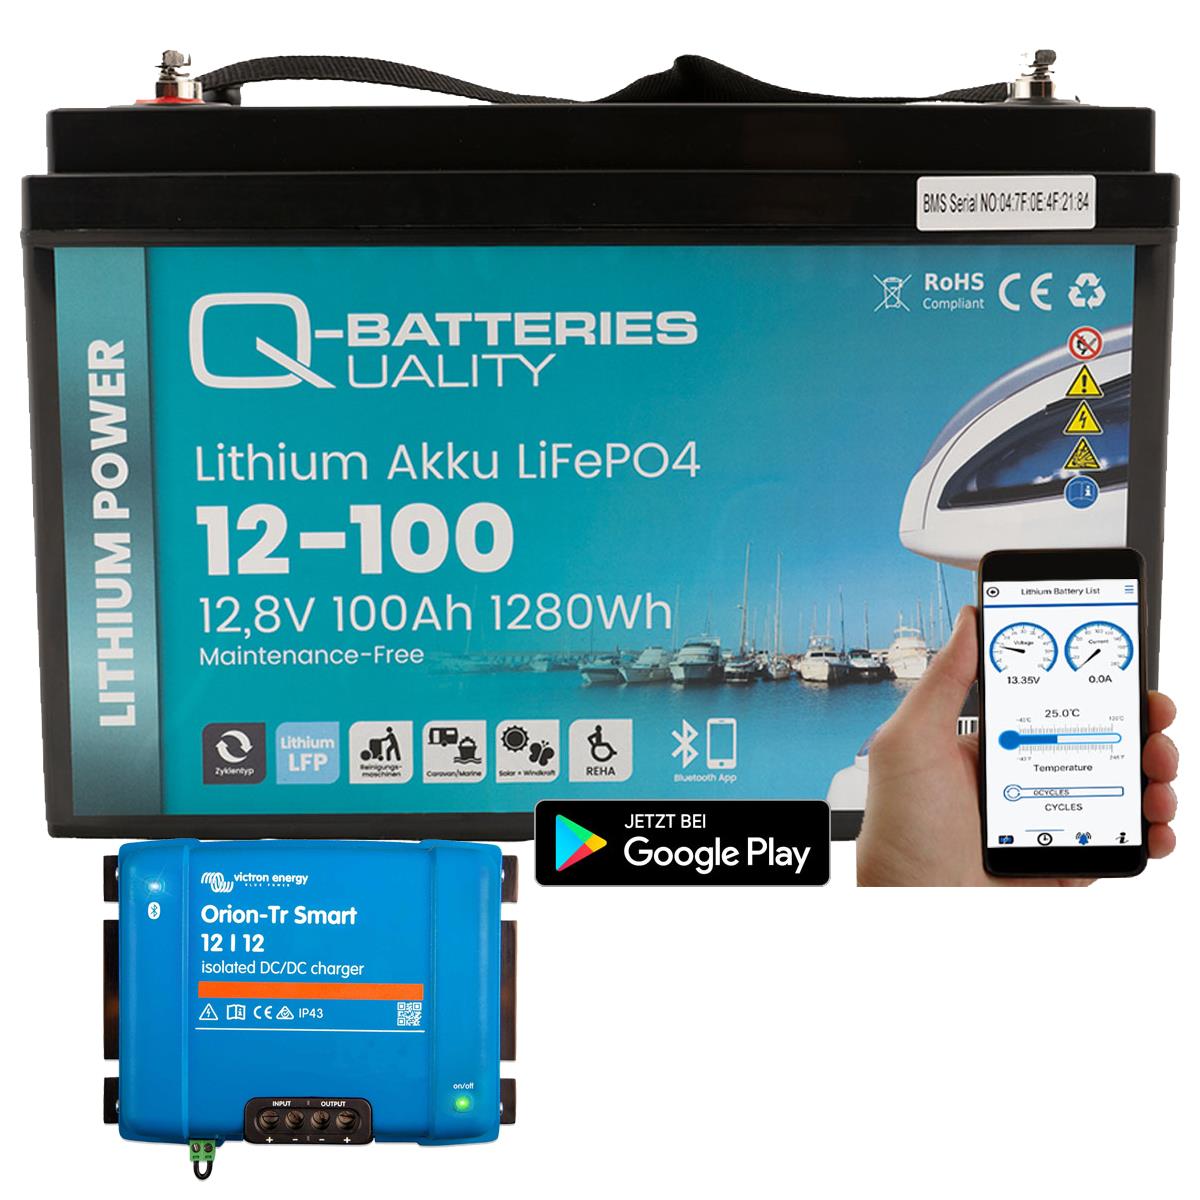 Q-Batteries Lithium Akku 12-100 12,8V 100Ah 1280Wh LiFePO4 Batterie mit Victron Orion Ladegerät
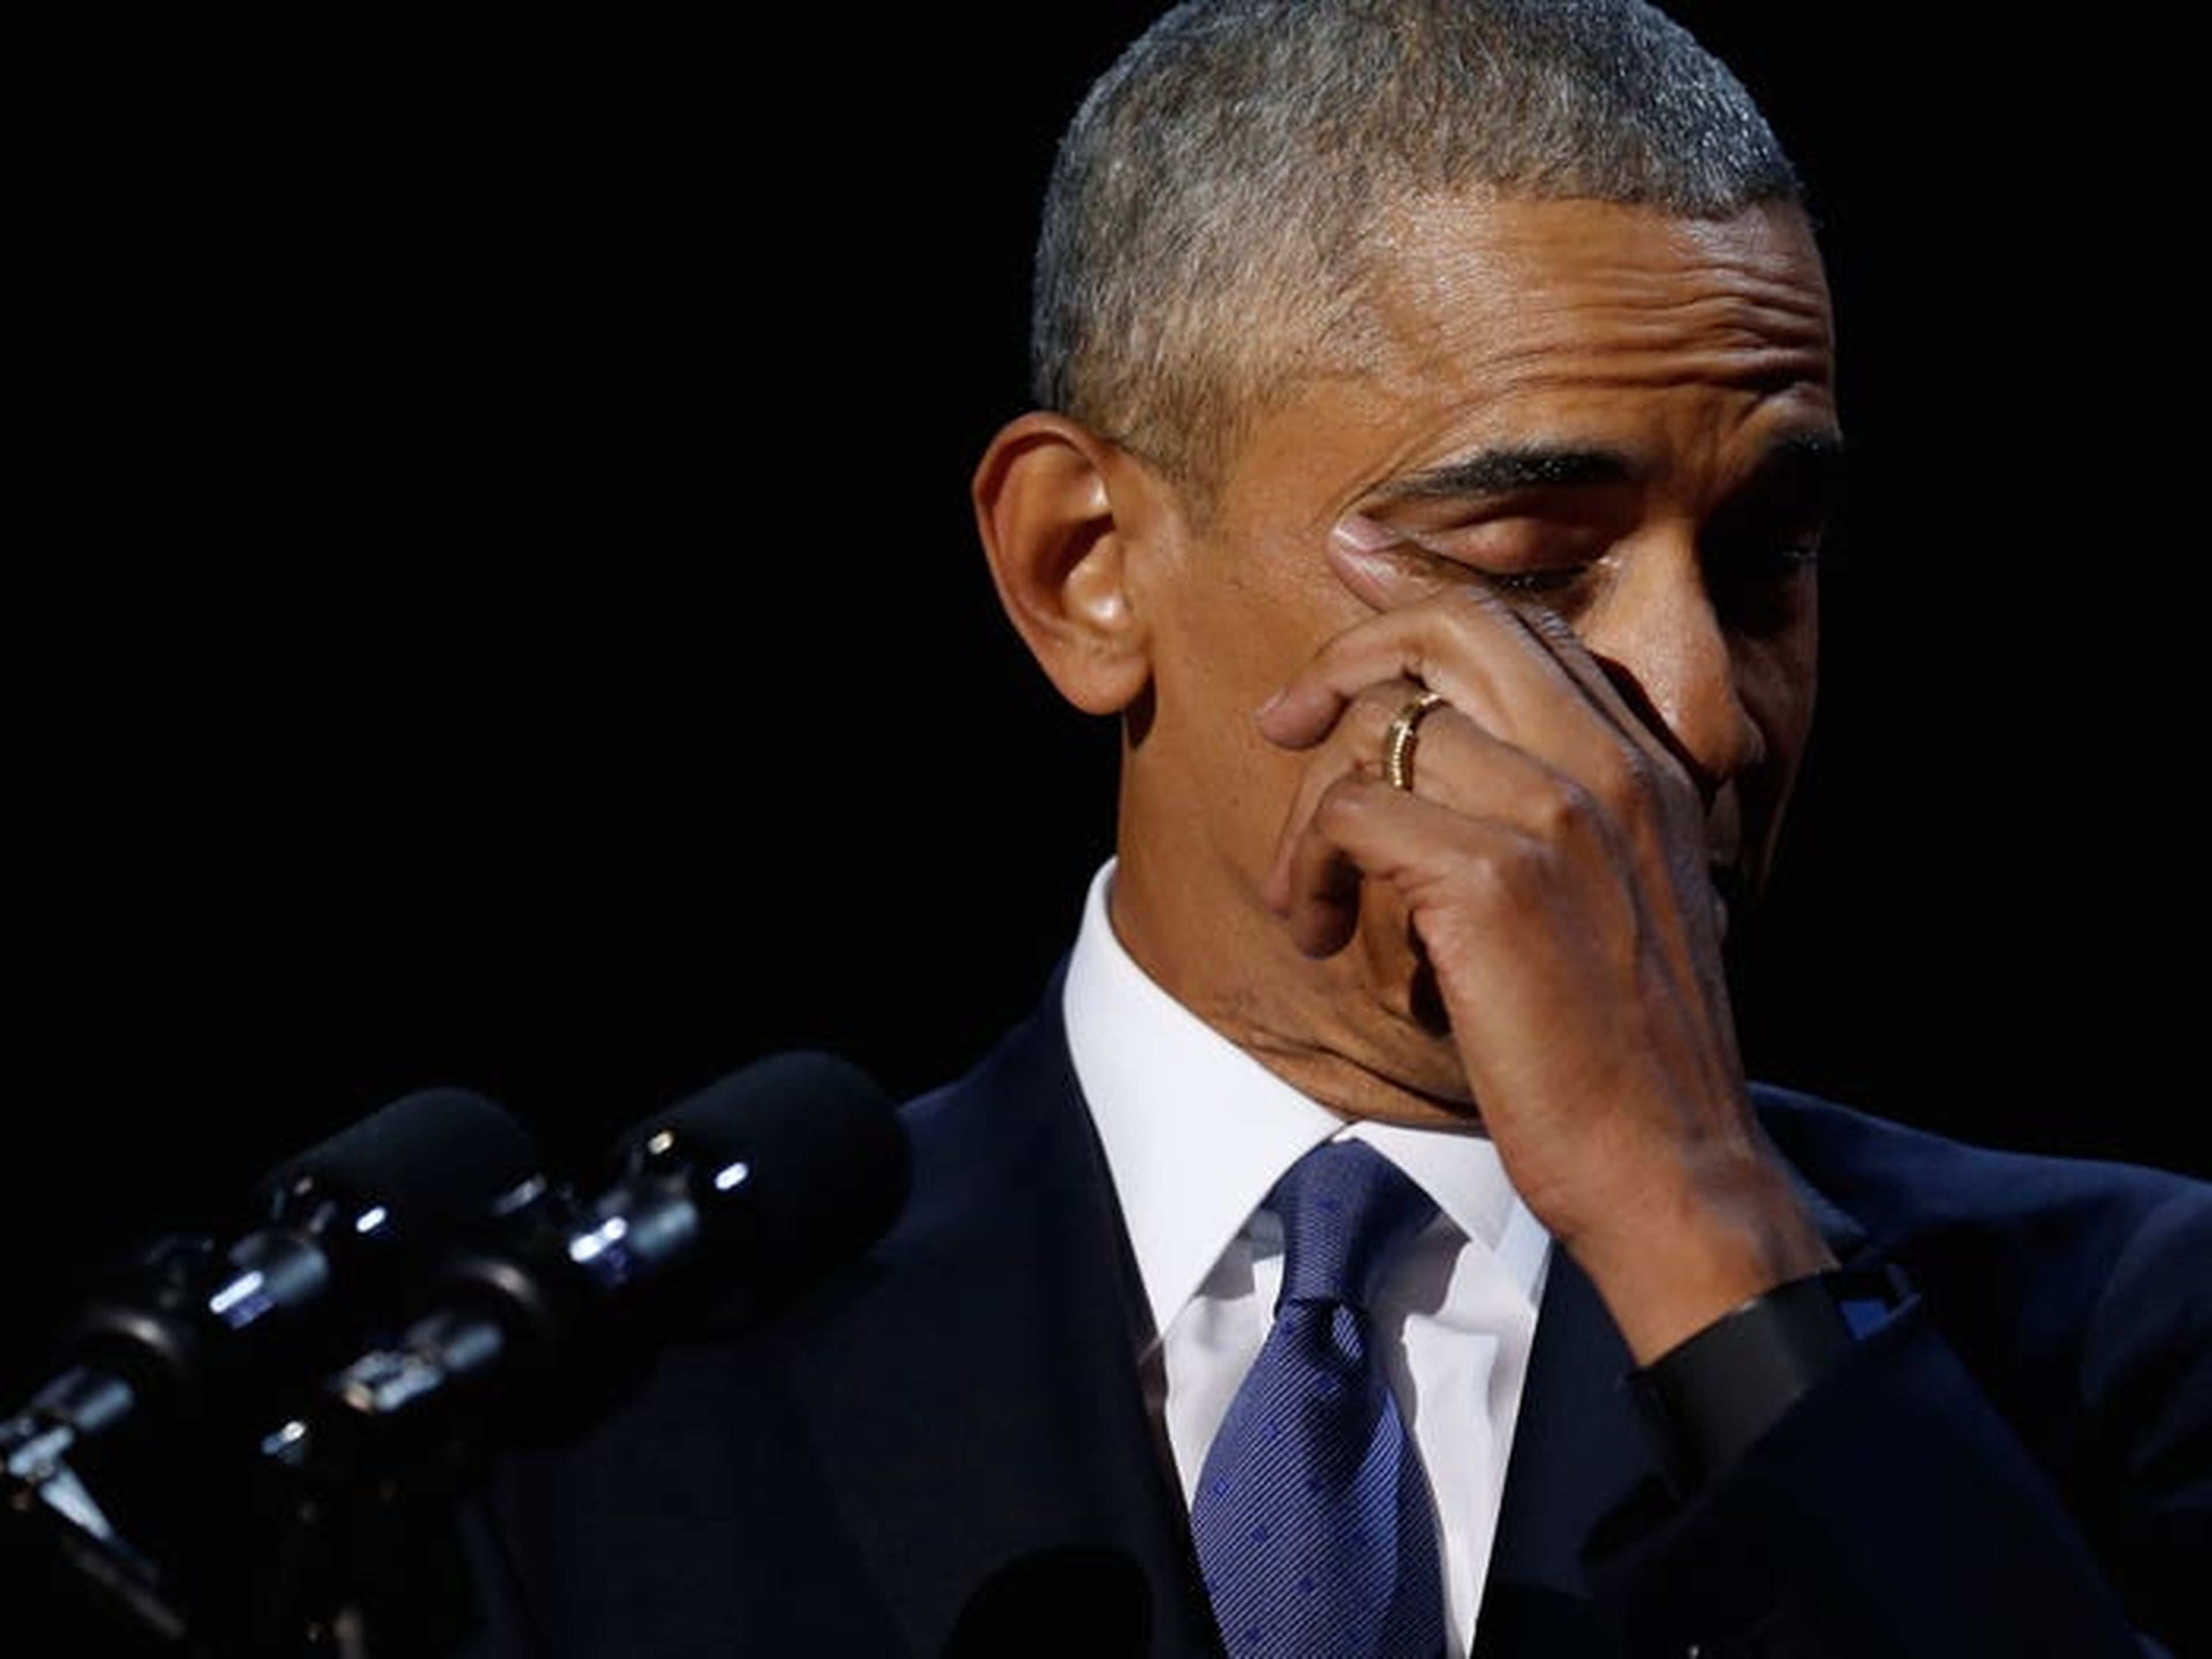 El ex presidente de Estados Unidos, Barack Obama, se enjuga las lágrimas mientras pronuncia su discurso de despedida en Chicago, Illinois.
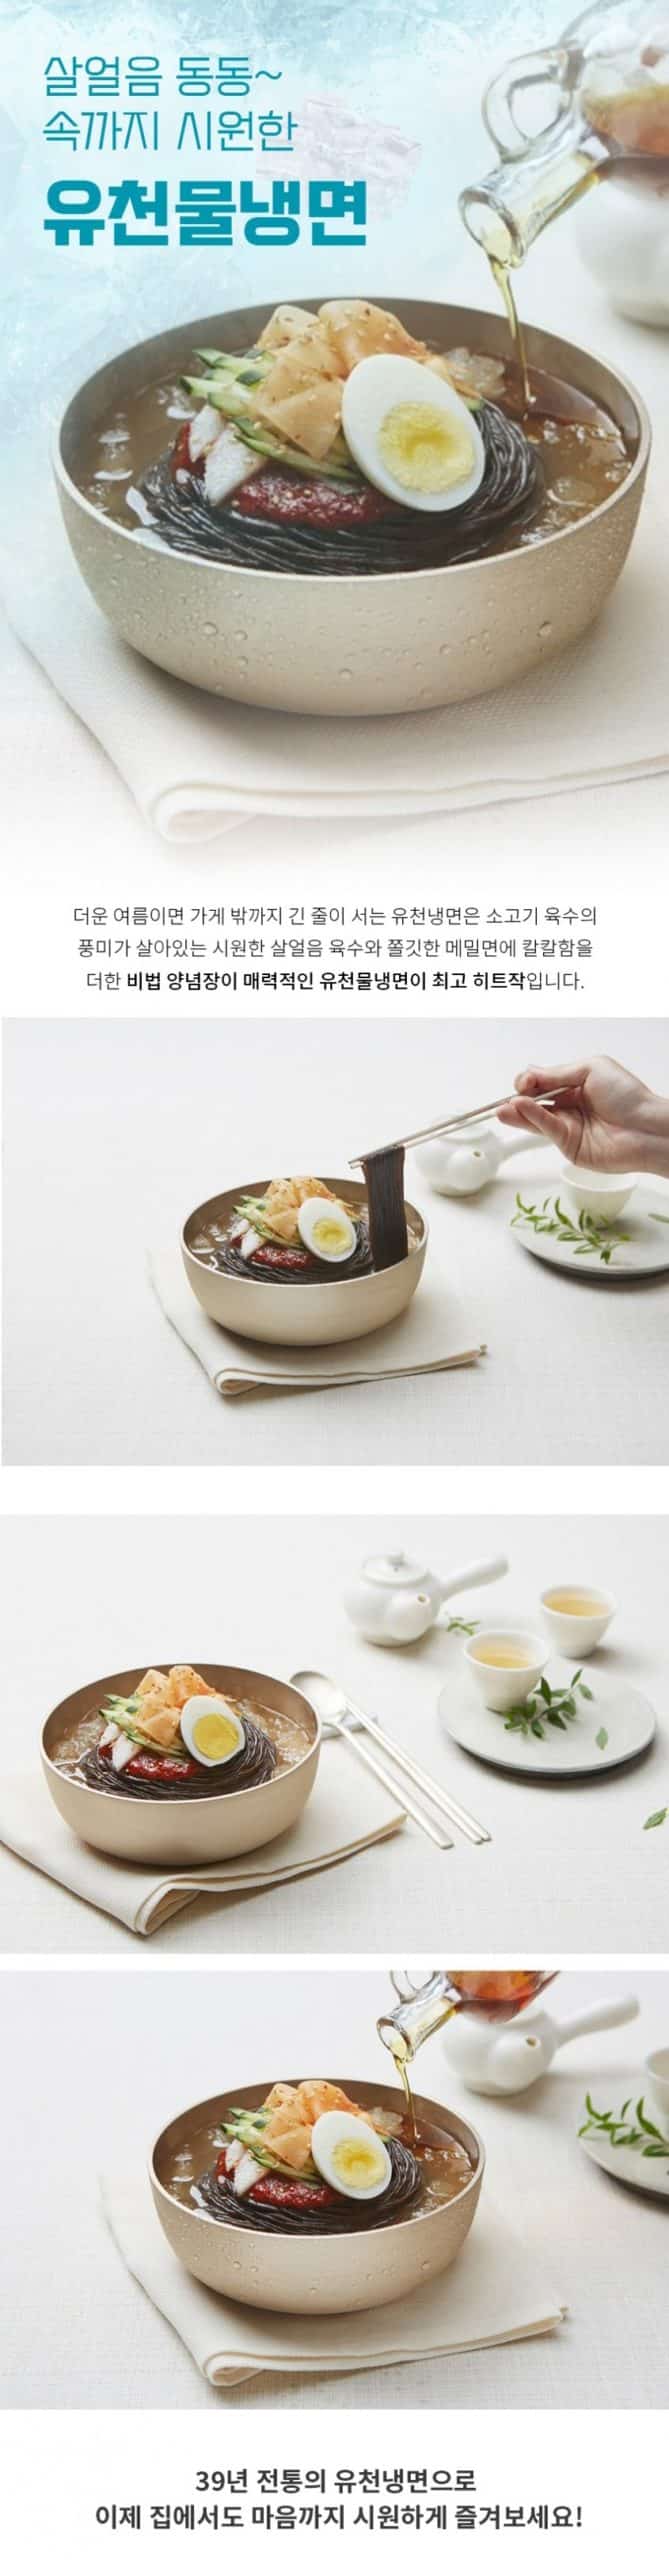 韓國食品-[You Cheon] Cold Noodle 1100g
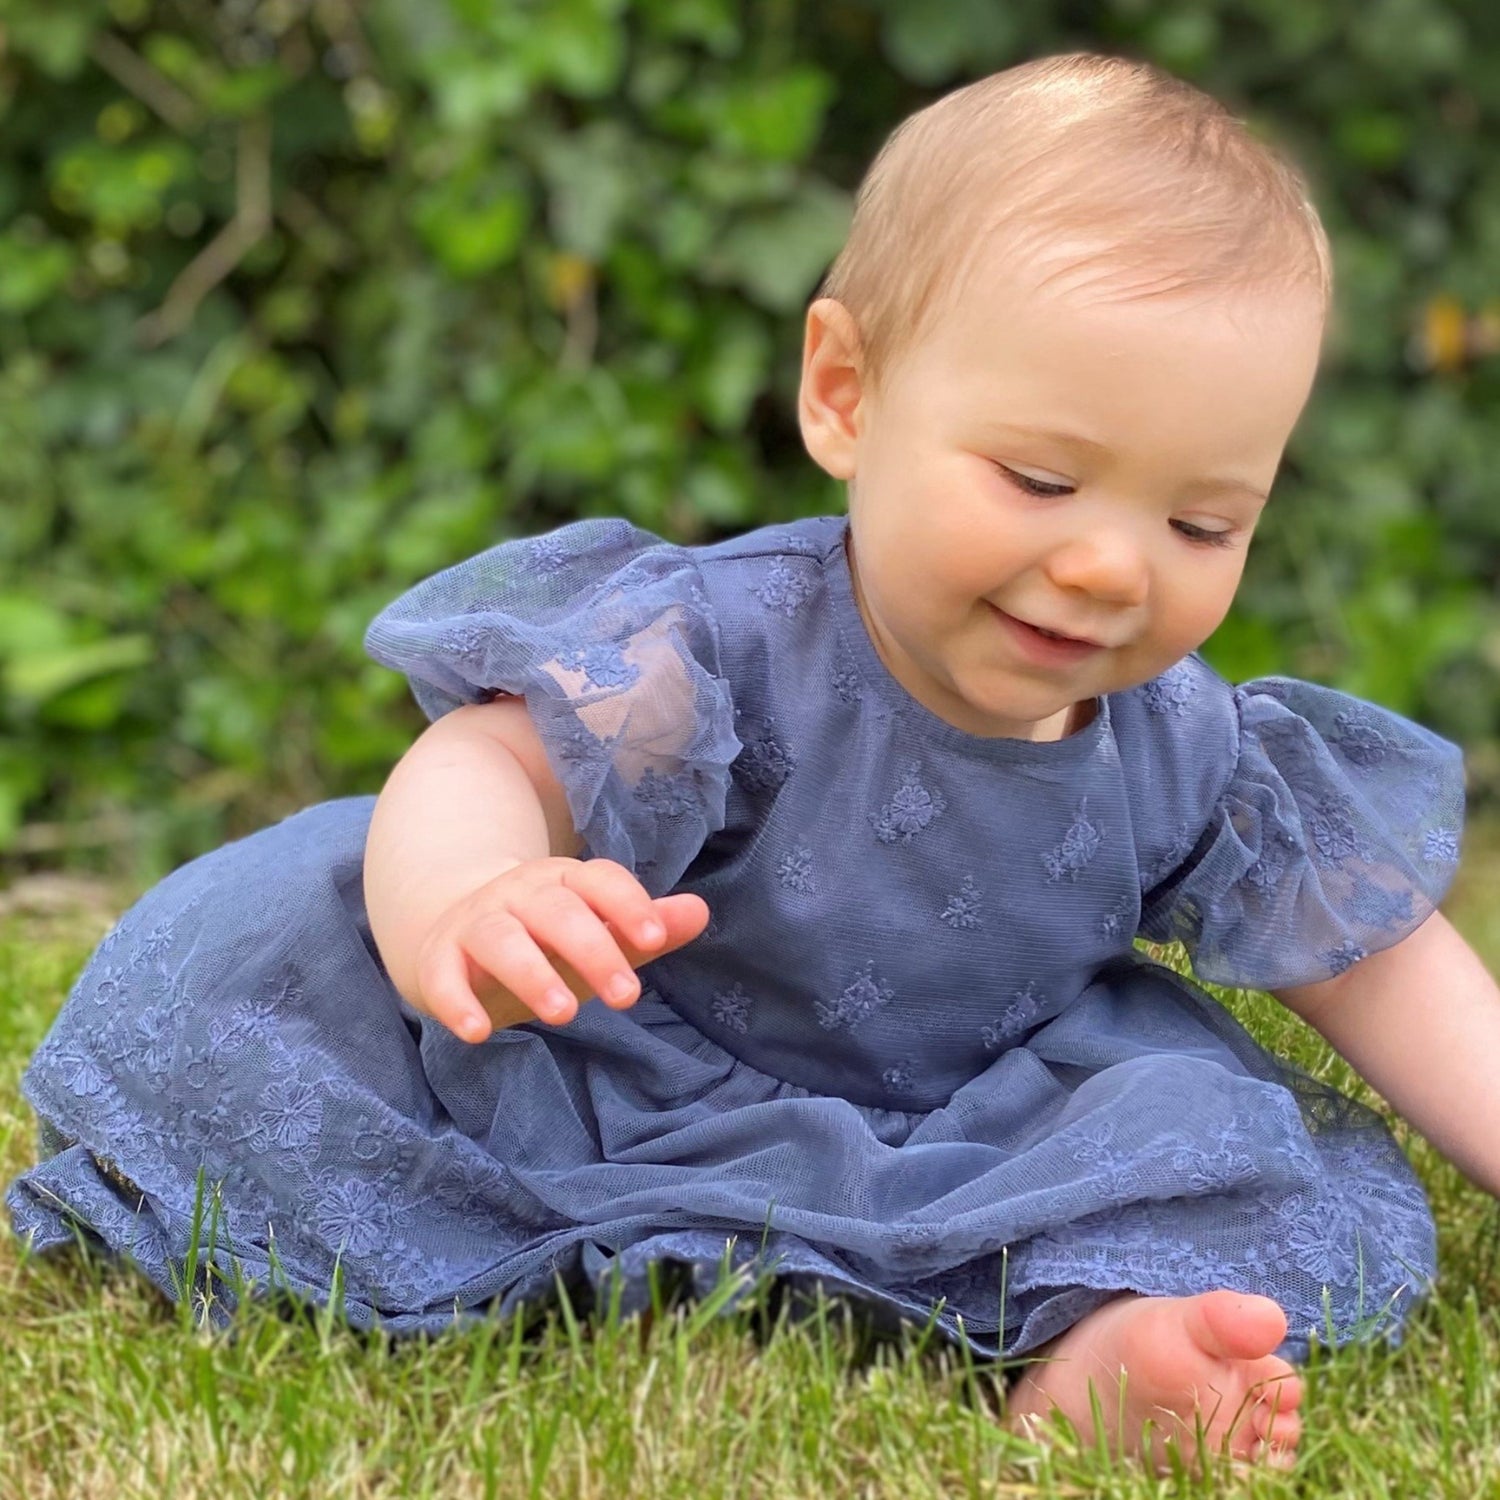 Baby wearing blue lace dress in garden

Exercise details — The required output consists only of the lines from the one containing "韓國食品-[You Cheon] Cold Noodle 1100g" to the last line of the material, reproduced exactly, pictures excluded.

Response for this exercise —
 韓國食品-[You Cheon] Cold Noodle 1100g
 Baby wearing blue lace dress in garden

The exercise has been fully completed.